January 18, 1985|DALE POLLOCK | Times Film Writer

To Gary Essert, the announcement Thursday of plans for an American Cinematheque as part of the restored Pan Pacific Center in the Beverly-Fairfax area represents the culmination of what has amounted to almost a spiritual quest.

"I feel kind of numb when I talk about it," the cinematheque's artistic director said of the plan he and some colleagues first envisioned 15 years ago. "It's like we're building a temple of some kind. Movies and video are like a scrapbook of the human race. This place will honor that process."

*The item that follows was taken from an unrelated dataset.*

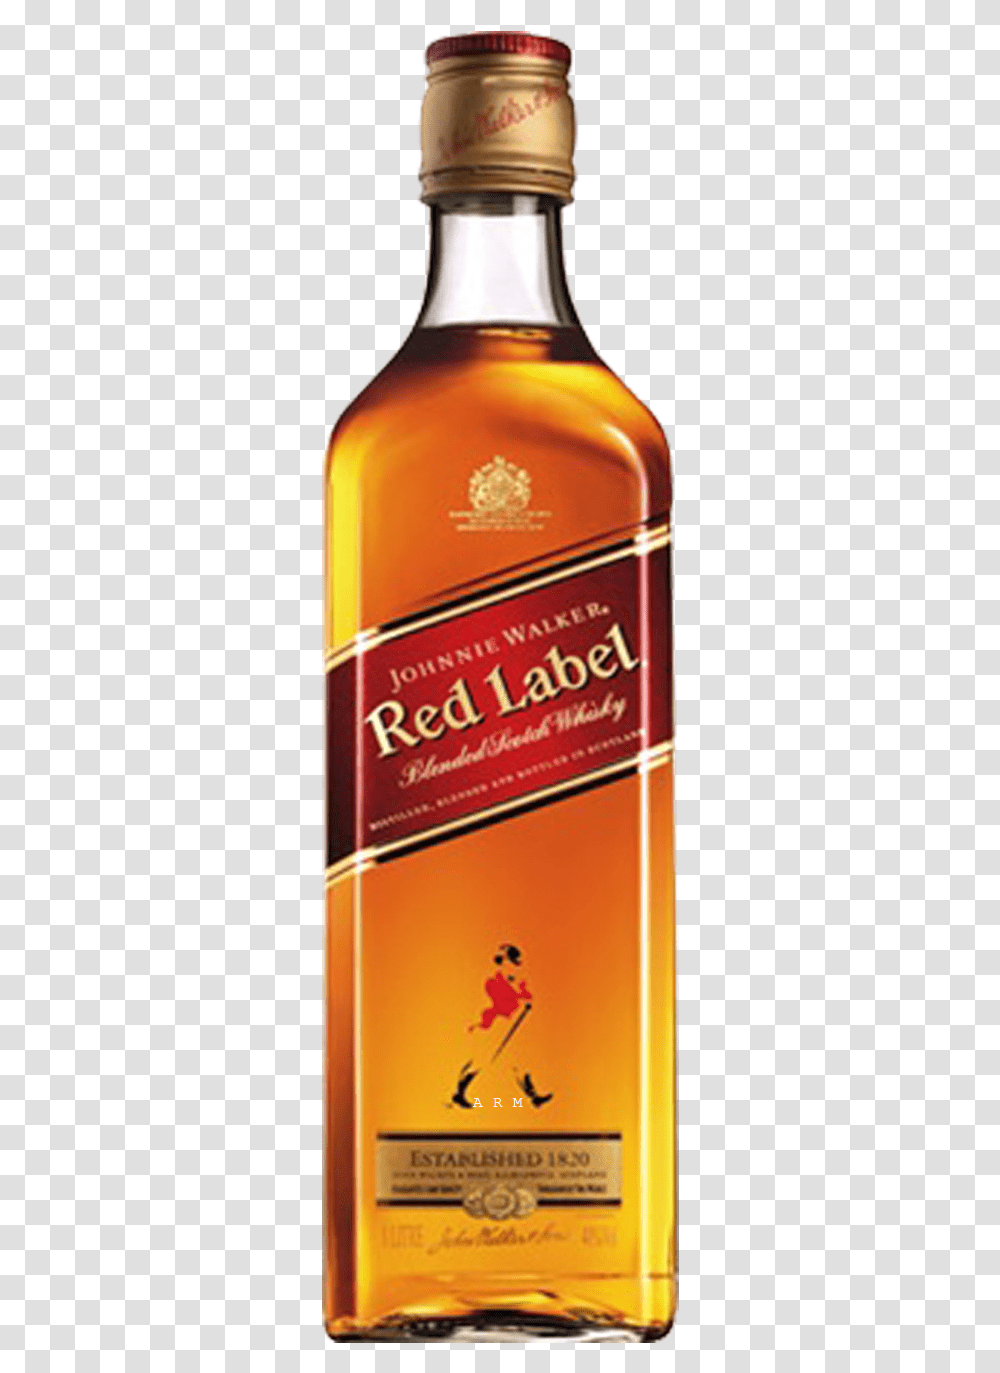 Johnnie Walker Red Label 1 L, Liquor, Alcohol, Beverage, Drink Transparent Png

The $10-million facility ($1 million has been raised already) is intended as a permanent, year-round movie buff's paradise, with two film theaters, a video theater and multimedia performance lab. Adjacent to the theaters will be a cinema bookstore, a cafe and an expansive lobby designed to encourage debates over the merits of, say, a black-and-white American classic or a Yugoslav animated film.

If everything goes on schedule, the American Cinematheque will open in a blaze of Streamline Moderne glory (the architectural style to which the 1935 Pan Pacific landmark will be returned as part of the $22-million face lift) in January, 1987. A 140-to-165-room hotel, another restaurant, offices and retail shops will also be part of the complex.

Now 46 and still dressed in his trademark black-on-black clothes, Essert has lost little of the cocky self-assurance that aided him in founding the Los Angeles International Film Exposition and keeping it going through 14 sometimes-troubled years. Essert was ousted as Filmex artistic director in 1983, an action resulting from charges that he bungled the finances and operations of the nonprofit film festival.

"Fate decides many things," Essert said in a reflective moment earlier this week in his expansive office in the former Janss mansion off Sunset Boulevard near UCLA. "At one point, things seem terrible, but you endure it and it leads to something else. That's what happened here."

Essert will be the artistic director of the American Cinematheque, but a search is already on for a managing director who will supervise the organization's operations and budget. Both Essert, who said he is currently drawing no salary for his efforts, and board of directors co-chairman Kenneth Kleinberg, a leading entertainment lawyer, insist that the cinematheque will not be a replay of the Essert era at Filmex. "This is not a private placement for Gary Essert," Kleinberg said in a phone interview.

Still, Essert's enthusiasm for the cinematheque is irrepressible and understandable. Modeled on the National Film Theatre in London, which is run by the British Film Institute, the cinematheque also borrows its inspiration from Henri Langlois' famous Cinematheque Francaise in Paris. (Essert said the American Cinematheque will be dedicated to the memory of Langlois, who died in 1977.)

With an abundance of films shown at Los Angeles area theaters, the County Museum of Art, the American Film Institute, the Academy of Motion Picture Arts and Sciences and the UCLA Film Archives, the idea of yet another facility designed to show movies might seem redundant.

Essert quickly and emphatically disagreed. "A cinematheque has to be several things at once," he explained. "This institution will not be similar to anything else. We'll be dedicated to serving the general public. The main purpose is not just to get people to watch movies, but to allow them a chance to intermingle, connect, meet each other and the film makers.

"Our programming philosophy is much more broad (than what anyone else is doing)," Essert continued. "What we're talking about is programming from movies available from throughout the entire world." (Board co-chairman Kleinberg, who will share duties with "Tootsie" director Sydney Pollack, also stressed the cinematheque's interests in classic American movies. Kleinberg said he hopes to enlist the support of the major movie studios in striking new prints from films in their vaults so that young people can be exposed to Hollywood's celluloid history.)

The cinematheque's two theaters will seat 550 and 250, respectively, and will be equipped with all film projection formats and the capability for simultaneous foreign translations, meaning movies can be shown without subtitles. A separate theater and multimedia lab will showcase video presentations, an area Essert said has been particularly neglected in Los Angeles.

Although Essert and his staff will originate 50% of the cinematheque's own programming, the rest will come from unique partnerships that have been forged with the British Film Institute, the Cinematheque Francaise and the New York Museum of Modern Art's film department. There will also be a special emphasis on showcasing the cinematic treasures from the UCLA Film Archives, a practice that Essert hopes will help raise money for film restoration.